Breaking changes and roll out strategies

A series of breaking changes for chat protocols are expecting to come from current studies:

I suggest a template strategy to adopt, to ensure that expectations are set and problems avoided.

While the focus of this post is the handling of breaking changes for the Status app, this can also be used as a guideline for any application using Waku.

Generic roll-out strategy

I usually use these steps when applying breaking changes in any type of application where software is rolled out to the user (ie, not a website).
The breaking change is old protocol to new protocol:

Read and write are generic terms, and could be replace with subscribe and send in the context of Waku and Chat.

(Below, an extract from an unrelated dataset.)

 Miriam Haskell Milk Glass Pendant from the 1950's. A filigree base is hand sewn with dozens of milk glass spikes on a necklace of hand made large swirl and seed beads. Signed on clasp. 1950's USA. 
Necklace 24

Step App Version Read Write
Initial N Old protocol Old protocol
Preparation N+1 Old and new protocol Old protocol
Switch N+2 Old and new protocol New protocol
Clean-up N+3 New protocol New protocol

The steps above are related to the code. In terms of data, a migration step may be needed before clean-up to convert data in the system to the new protocol format.

+1, +2, etc in the table may not refer to the exact app version bump, see next section.

Prerequisite

First we need to define the support period for an application. This is usually defined in a time (e.g. 1 year) or release (e.g. 3 major releases).

Timeline

N is the last version to only read from the old protocol. Only when N’s support is ended can we proceed with the switch step.

N+1 is the last version to write in the old protocol. Only when N+1’s support is ended can we proceed with the clean-up step.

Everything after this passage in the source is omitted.